START Records for the task

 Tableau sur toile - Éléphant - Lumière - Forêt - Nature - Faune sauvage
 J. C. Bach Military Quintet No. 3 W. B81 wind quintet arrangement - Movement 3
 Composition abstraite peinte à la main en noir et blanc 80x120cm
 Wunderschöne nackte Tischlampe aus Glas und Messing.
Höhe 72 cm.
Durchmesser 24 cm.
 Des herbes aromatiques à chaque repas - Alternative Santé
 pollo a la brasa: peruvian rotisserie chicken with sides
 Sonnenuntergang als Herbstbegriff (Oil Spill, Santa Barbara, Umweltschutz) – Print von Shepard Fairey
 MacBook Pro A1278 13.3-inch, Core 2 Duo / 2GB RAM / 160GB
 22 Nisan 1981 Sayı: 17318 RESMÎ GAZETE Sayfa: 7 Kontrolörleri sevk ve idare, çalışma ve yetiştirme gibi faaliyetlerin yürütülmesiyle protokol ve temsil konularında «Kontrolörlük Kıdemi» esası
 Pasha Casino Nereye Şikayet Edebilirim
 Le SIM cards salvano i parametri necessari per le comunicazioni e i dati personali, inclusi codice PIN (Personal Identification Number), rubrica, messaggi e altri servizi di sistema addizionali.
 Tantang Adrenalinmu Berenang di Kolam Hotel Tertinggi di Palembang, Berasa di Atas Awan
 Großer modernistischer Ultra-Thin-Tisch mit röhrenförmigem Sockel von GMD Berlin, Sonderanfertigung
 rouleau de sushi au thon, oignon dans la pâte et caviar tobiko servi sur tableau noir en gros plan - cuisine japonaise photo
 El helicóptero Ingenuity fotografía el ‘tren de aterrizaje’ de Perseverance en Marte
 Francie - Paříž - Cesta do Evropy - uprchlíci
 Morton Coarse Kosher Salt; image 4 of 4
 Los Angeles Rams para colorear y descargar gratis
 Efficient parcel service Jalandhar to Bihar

END Records for the task

Your assignment:
Until the last line is reached, keep transcribing the data exactly.

Result of the task:
 Tableau sur toile - Éléphant - Lumière - Forêt - Nature - Faune sauvage
 J. C. Bach Military Quintet No. 3 W. B81 wind quintet arrangement - Movement 3
 Composition abstraite peinte à la main en noir et blanc 80x120cm
 Wunderschöne nackte Tischlampe aus Glas und Messing.
Höhe 72 cm.
Durchmesser 24 cm.
 Des herbes aromatiques à chaque repas - Alternative Santé
 pollo a la brasa: peruvian rotisserie chicken with sides
 Sonnenuntergang als Herbstbegriff (Oil Spill, Santa Barbara, Umweltschutz) – Print von Shepard Fairey
 MacBook Pro A1278 13.3-inch, Core 2 Duo / 2GB RAM / 160GB
 22 Nisan 1981 Sayı: 17318 RESMÎ GAZETE Sayfa: 7 Kontrolörleri sevk ve idare, çalışma ve yetiştirme gibi faaliyetlerin yürütülmesiyle protokol ve temsil konularında «Kontrolörlük Kıdemi» esası
 Pasha Casino Nereye Şikayet Edebilirim
 Le SIM cards salvano i parametri necessari per le comunicazioni e i dati personali, inclusi codice PIN (Personal Identification Number), rubrica, messaggi e altri servizi di sistema addizionali.
 Tantang Adrenalinmu Berenang di Kolam Hotel Tertinggi di Palembang, Berasa di Atas Awan
 Großer modernistischer Ultra-Thin-Tisch mit röhrenförmigem Sockel von GMD Berlin, Sonderanfertigung
 rouleau de sushi au thon, oignon dans la pâte et caviar tobiko servi sur tableau noir en gros plan - cuisine japonaise photo
 El helicóptero Ingenuity fotografía el ‘tren de aterrizaje’ de Perseverance en Marte
 Francie - Paříž - Cesta do Evropy - uprchlíci
 Morton Coarse Kosher Salt; image 4 of 4
 Los Angeles Rams para colorear y descargar gratis
 Efficient parcel service Jalandhar to Bihar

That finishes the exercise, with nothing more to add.